Até porque aqueles que planejam muito também não estão a salvo do que dá errado, por mais frequente que seja. Na volta da viagem, por exemplo, a companhia aérea perdeu minha cadeira de rodas. E muito embora o medo de que essas negligências aconteçam seja bem conhecido, nada nos prepara para o sentimento de impotência e humilhação ao receber a notícia de que algo tão importante foi largado por aí. Controlar minhas expectativas não me deixa a salvo das maiores frustrações que eu possa ter, por que temer as outras? Por mais baixas que elas estivessem, nada me prepararia para ter que sentar em uma cadeira desconfortável, voltar pra casa e passar 16 horas sem saber se eu teria a minha de volta, do jeito que deixei. Pois então, que me deixem sonhar com coisas boas enquanto lido com a realidade das coisas ruins que me acontecem.
Reunir as credenciais para sonhar de novo, nesses tempos, se tornou muito parecido com viver um romance depois de um coração partido. A lama, para quem já viveu, é bem parecida. Por mais que você acredite que tomou banho e está limpinho para encarar a rua, atrás de um novo encontro, vai ter sempre uma sujeirinha grudada em algum ponto que você não conseguiu observar. E essa sujeirinha vai denunciar que não se está tão pronto assim, como pensava. (Talvez porque não tenha tido quem lhe esfregasse as costas, enquanto lavava a lama).
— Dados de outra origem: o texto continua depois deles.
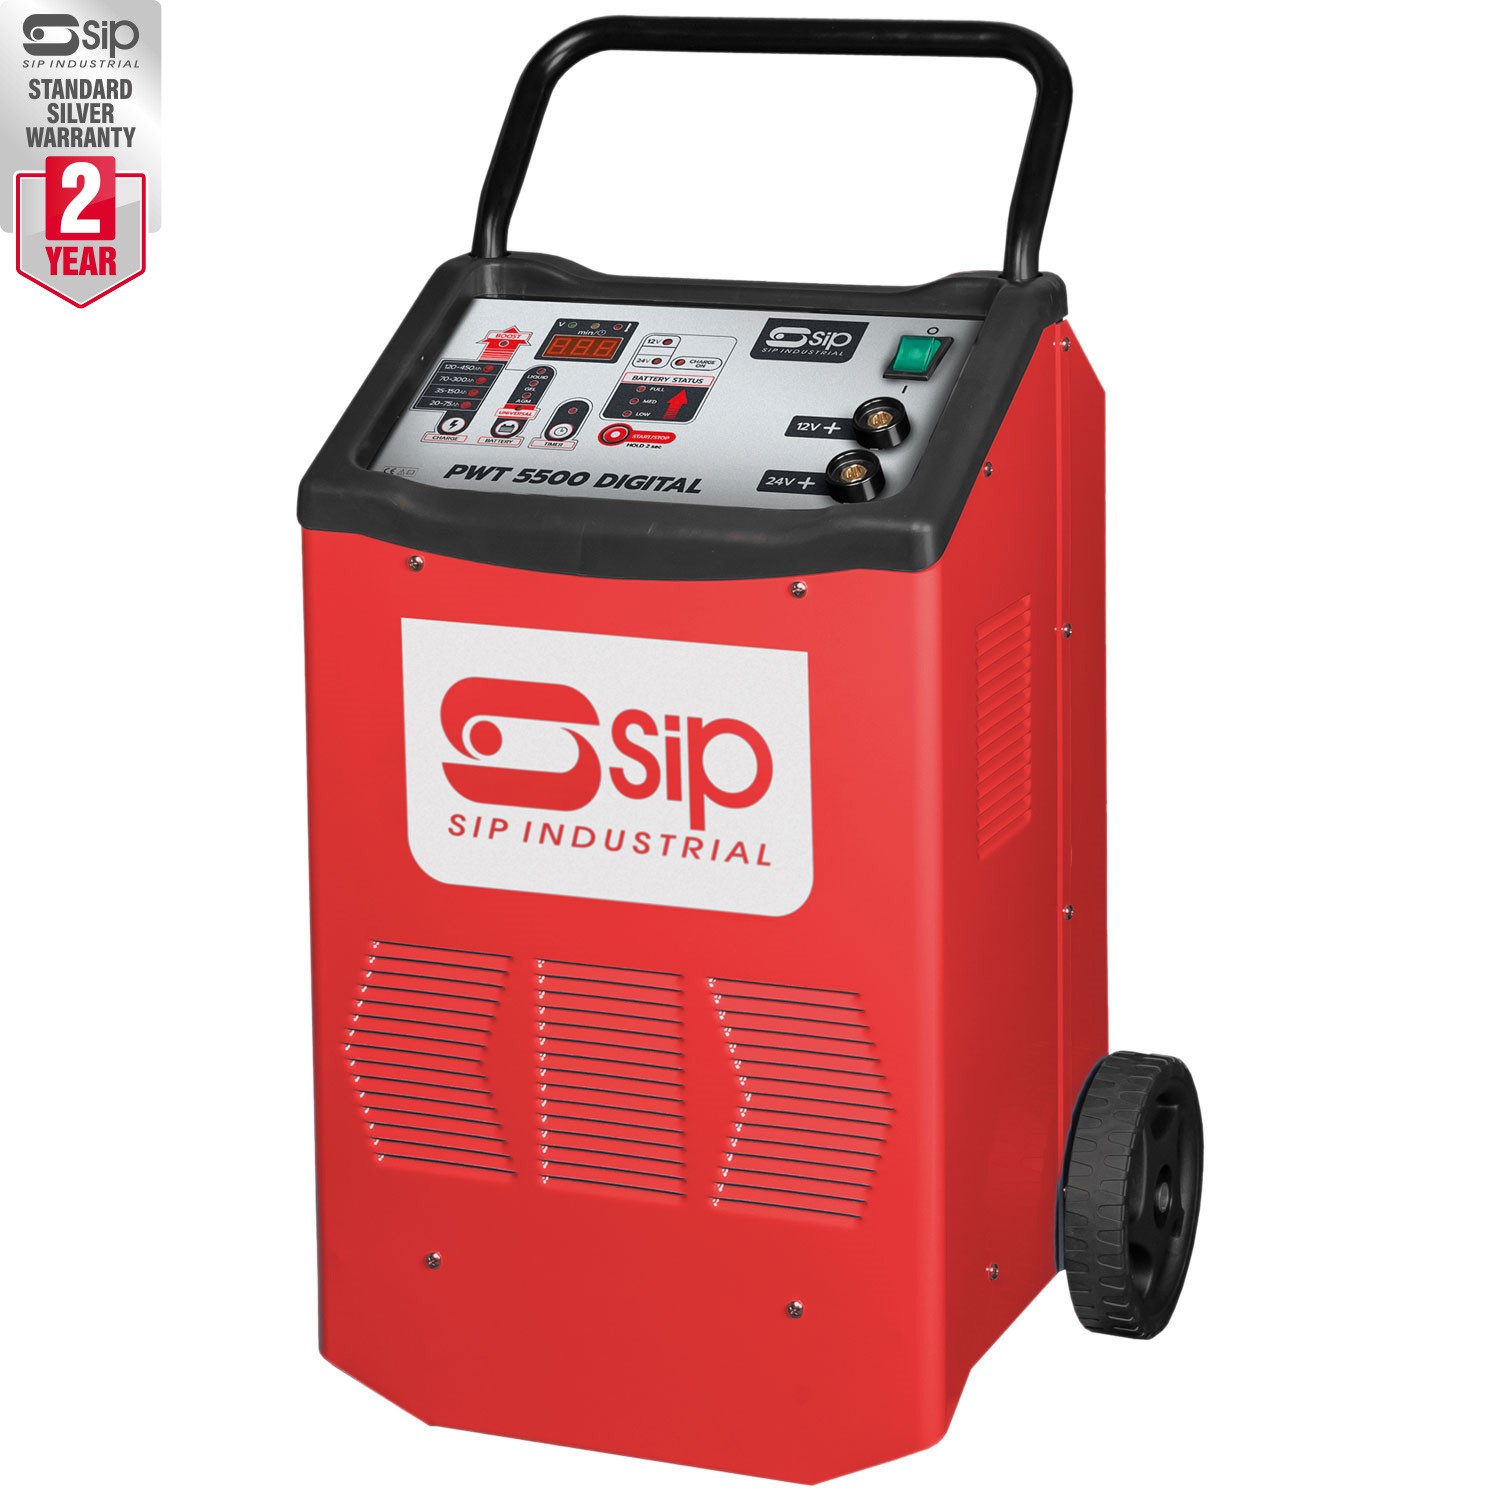 SIP Startmaster PWT5500 Starter Charger

Romance nada mais é que expectativas criadas por algum elemento divino bem alheio a sua vontade. Encontrar alguém e querer que a pessoa passe ali os próximos dias, meses, ao seu lado, cada dia mais e mais, é o cultivo mais inevitável de expectativas. Sem que você tenha verdadeiramente escolhido, porque paixão simplesmente brota, você passa a esnobar o que já tinha como certo (seja outra pessoa ou a solidão). Larga a mão do conforto de não desejar aquele alguém novo, num cenário completamente desconhecido, e simplesmente se deixa levar por uma vontade.
Muitas vezes, é só o que temos: a expectativa de que talvez, dessa vez, sejamos vencedores. Colocar um cabresto nessa ideia é impedir um vôo que costuma ser rápido, pelo menos para mim, sempre foi. Por que não aproveitar qualquer meio metro de altura que se pode alcançar? Para que ficar com uma correntinha presa ao chão se quando nos esborracho costuma machucar do mesmo jeito depois de certa altura?
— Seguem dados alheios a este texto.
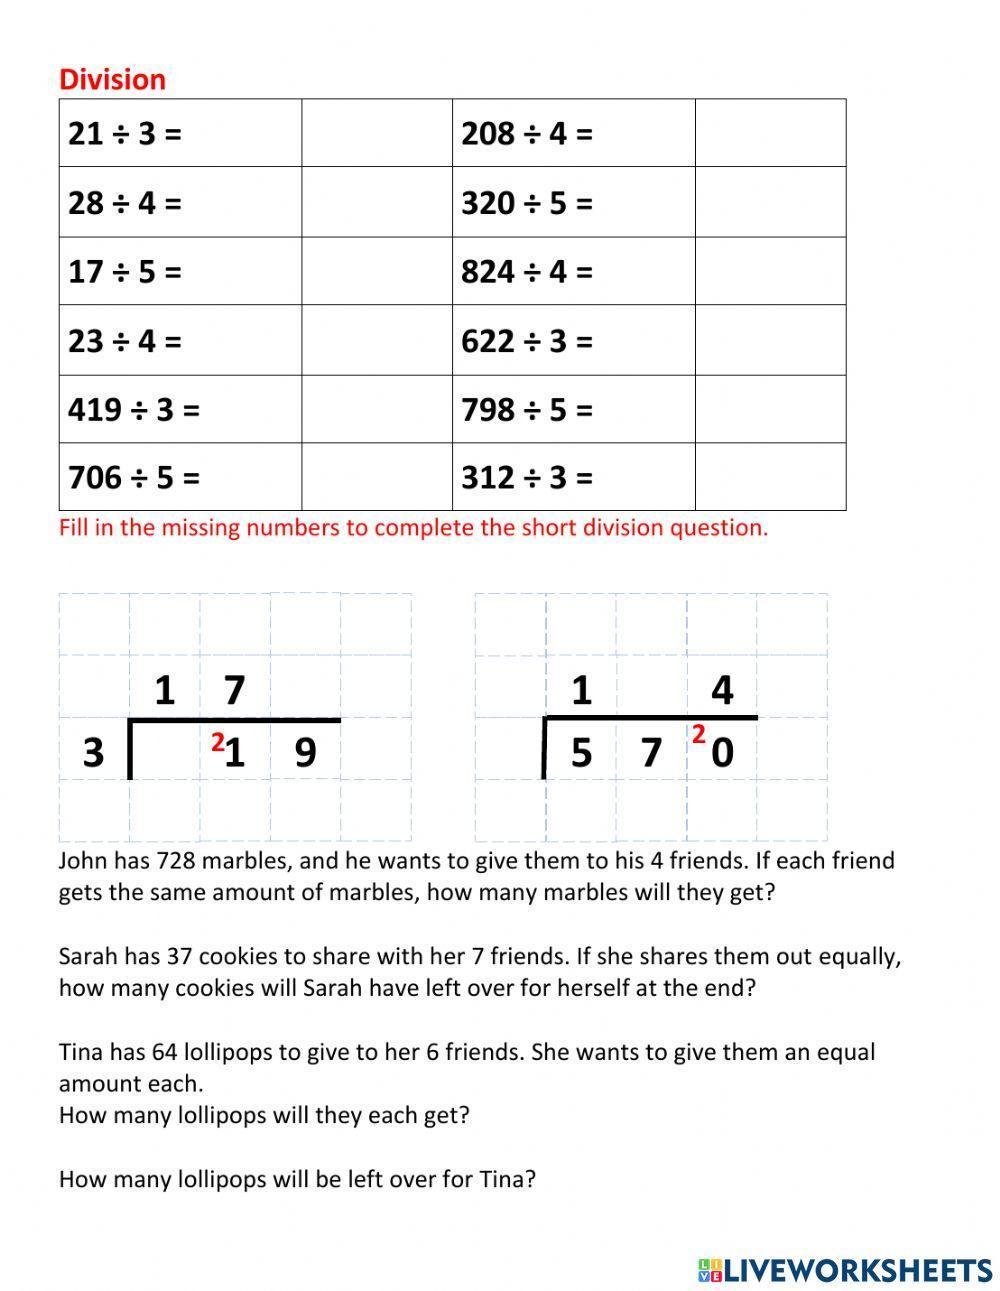 Multiplication and division practice

É por isso que da próxima vez que eu ouvir que a felicidade tem a ver com manejo de expectativas, eu vou simplesmente ignorar. Felicidade tem a ver com aproveitar cada instantezinho de coisa boa que existe, nem que esteja apenas no campo das ideias ainda. Muita coisa pode e vai dar errado, é preciso estar com algum pouquinho de esperança para ter força para colocar tudo no lugar, novamente. Criar expectativas nos descansa da realidade e faz com que escolhamos algo não por ser o menos pior, mas por ser algo que, de fato, combina com o que desejamos de verdade.